DATASET SECTION
* * * *

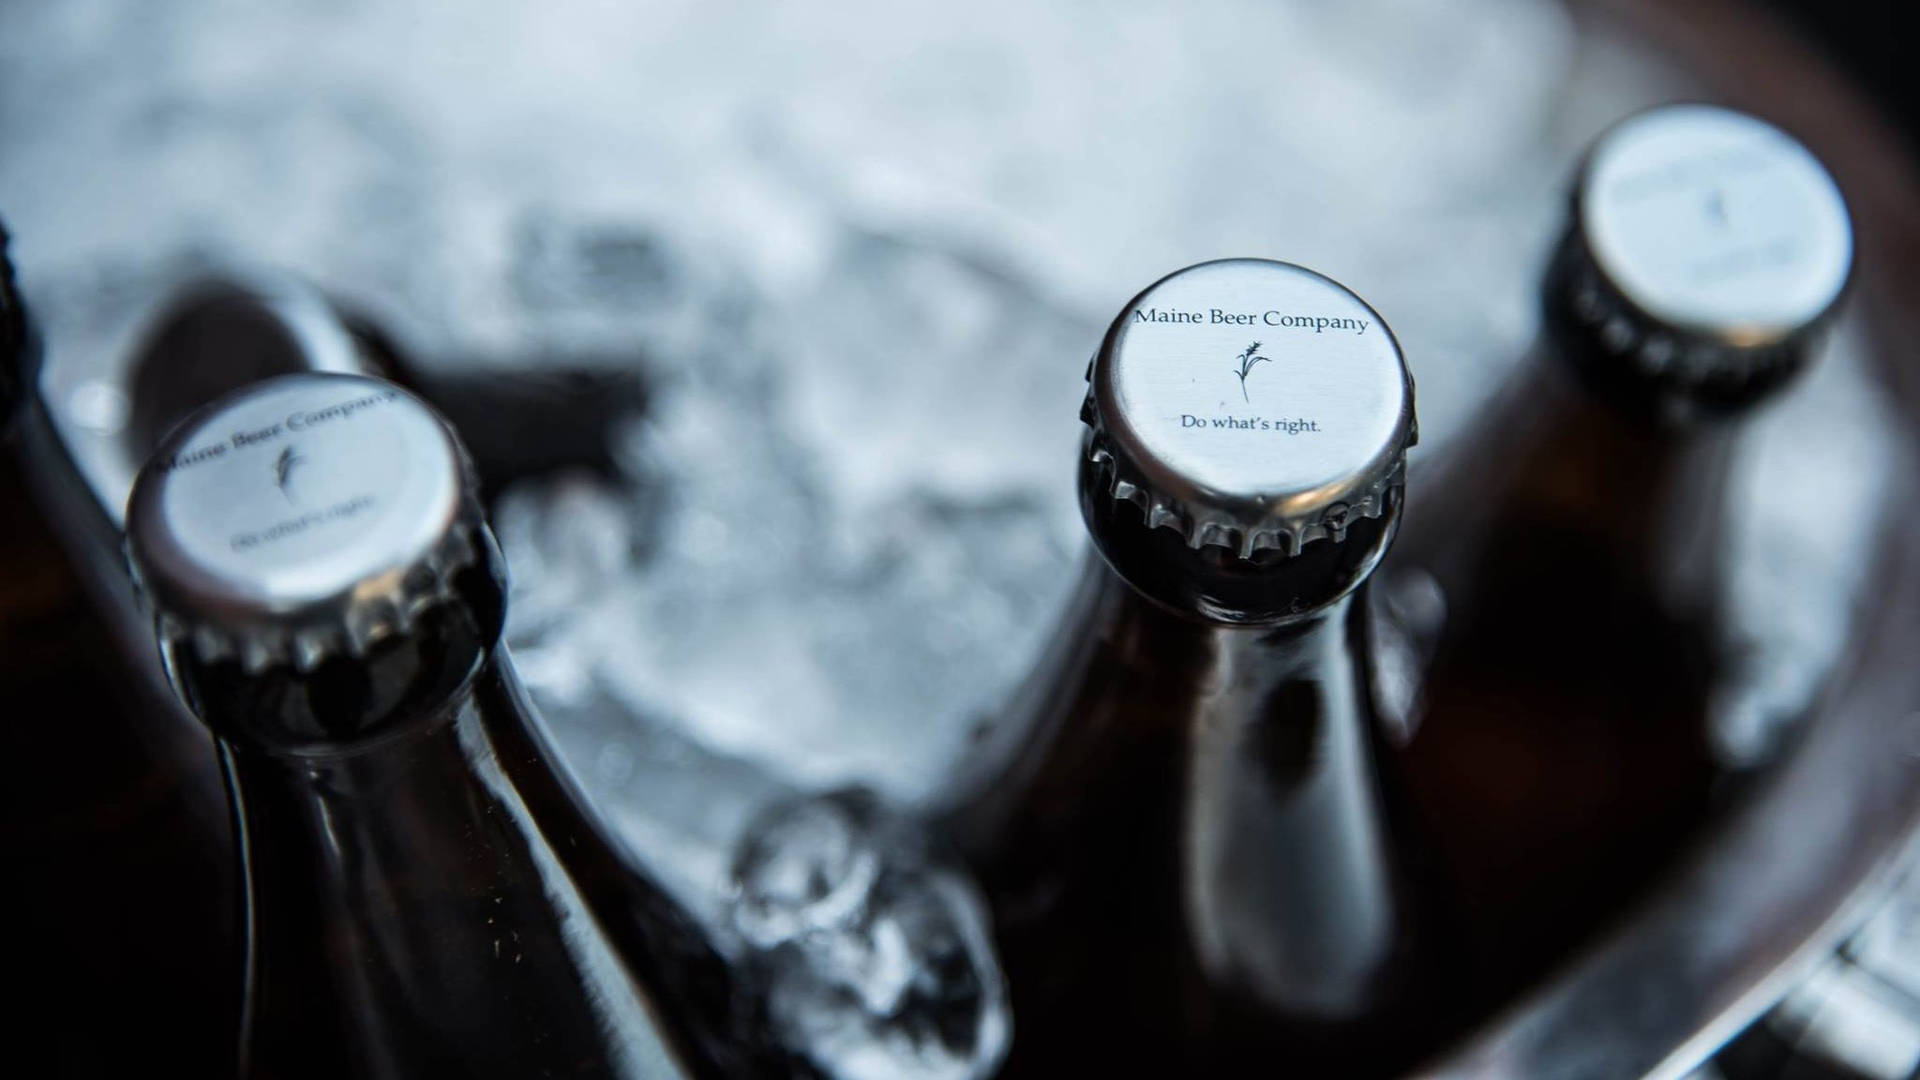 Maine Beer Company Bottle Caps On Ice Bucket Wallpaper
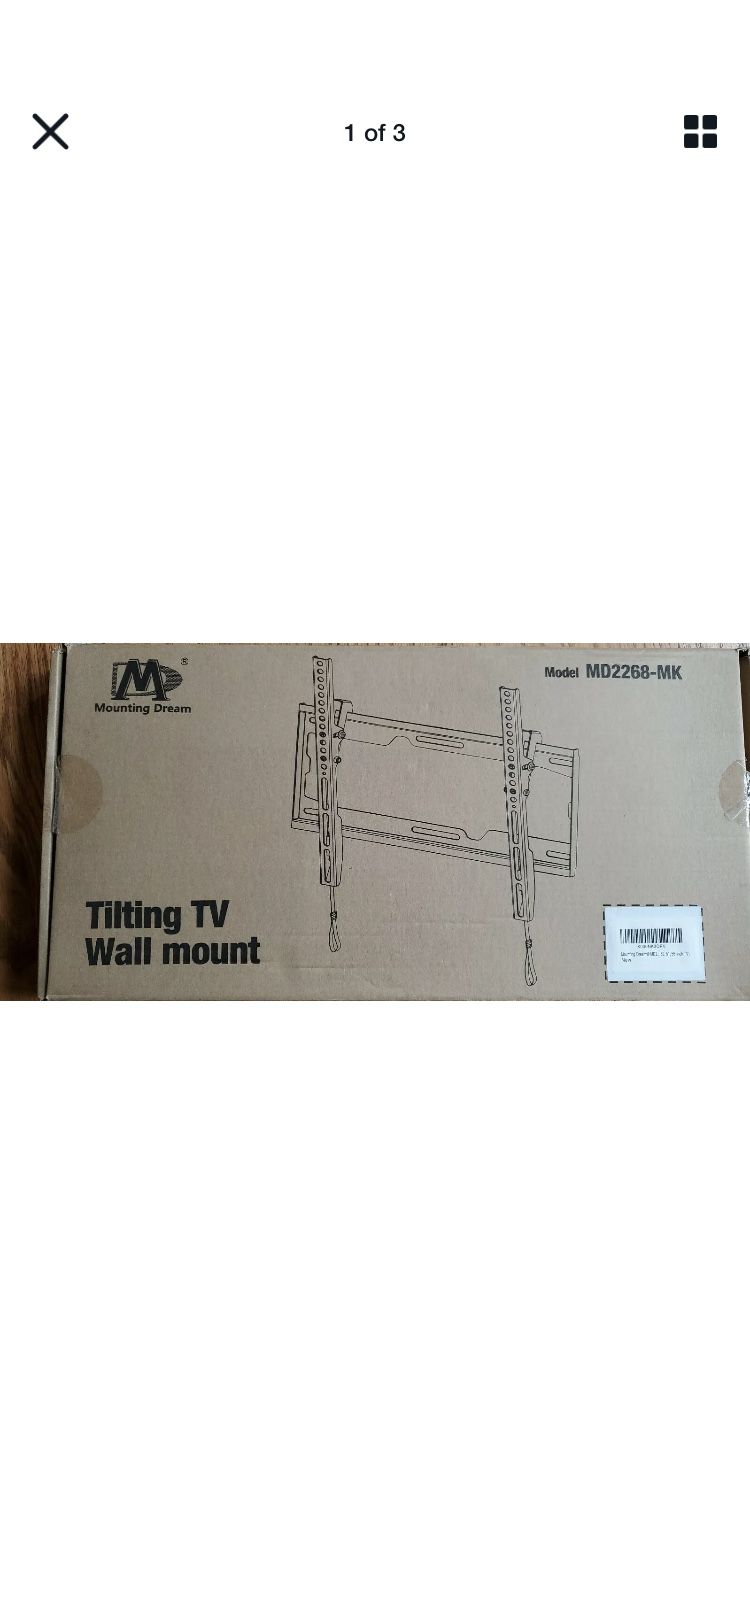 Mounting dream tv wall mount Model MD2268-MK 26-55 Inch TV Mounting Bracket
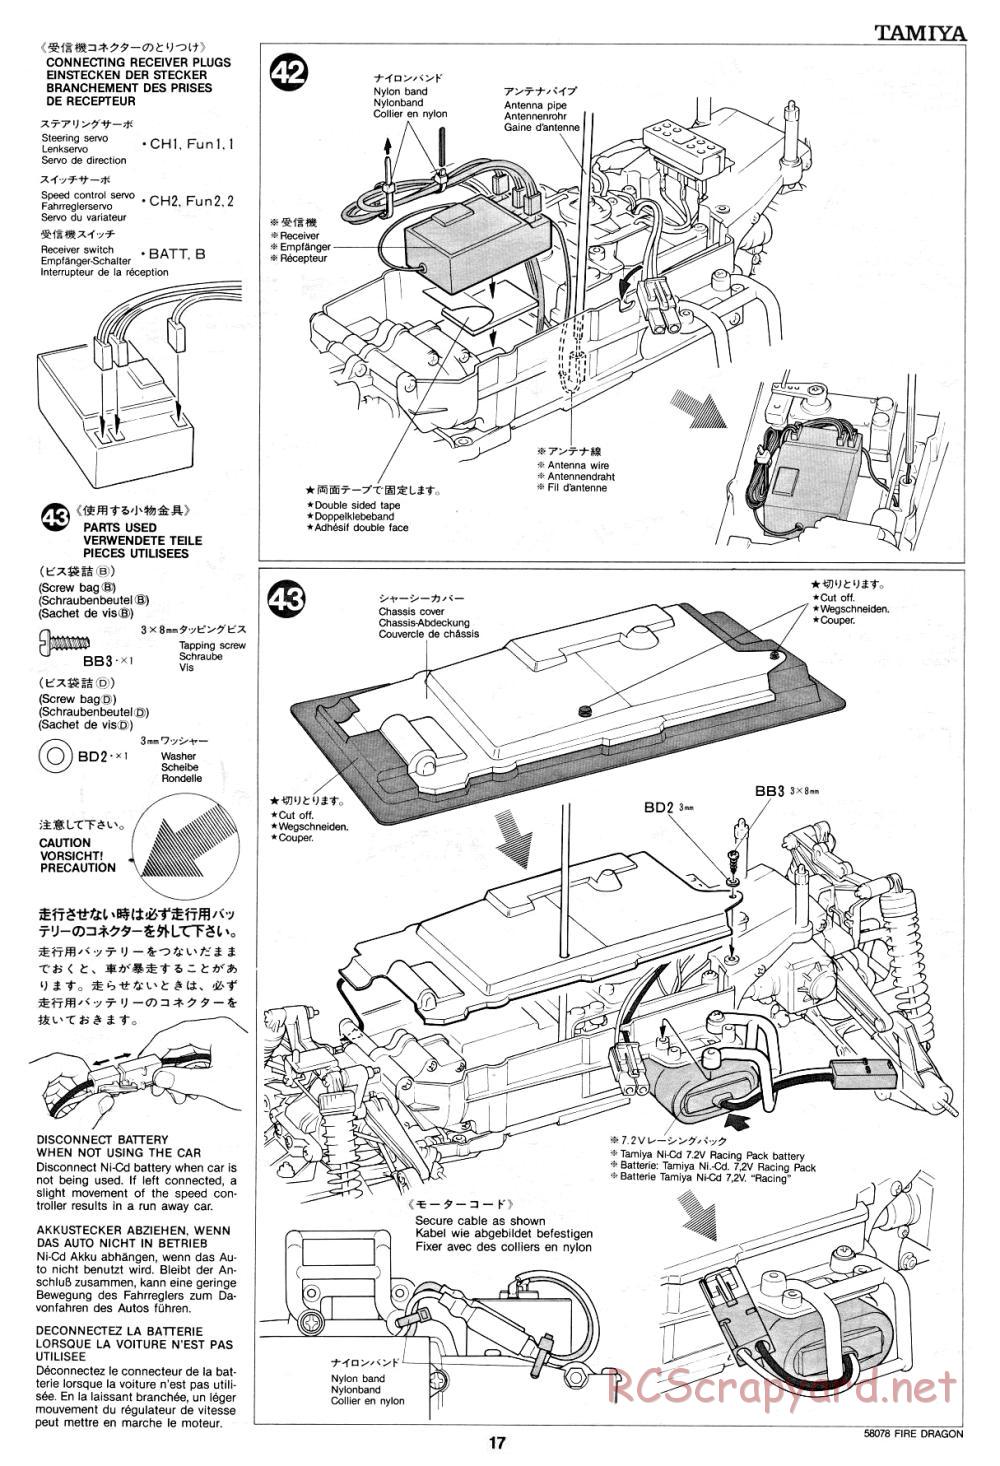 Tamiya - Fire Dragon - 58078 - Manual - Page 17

* * * *

ASSIGNMENT
Word for word, restate every line of the listing, omitting the pictures.

TASK RESULT
 Maine Beer Company Bottle Caps On Ice Bucket Wallpaper
 Mounting dream tv wall mount Model MD2268-MK 26-55 Inch TV Mounting Bracket
 Tamiya - Fire Dragon - 58078 - Manual - Page 17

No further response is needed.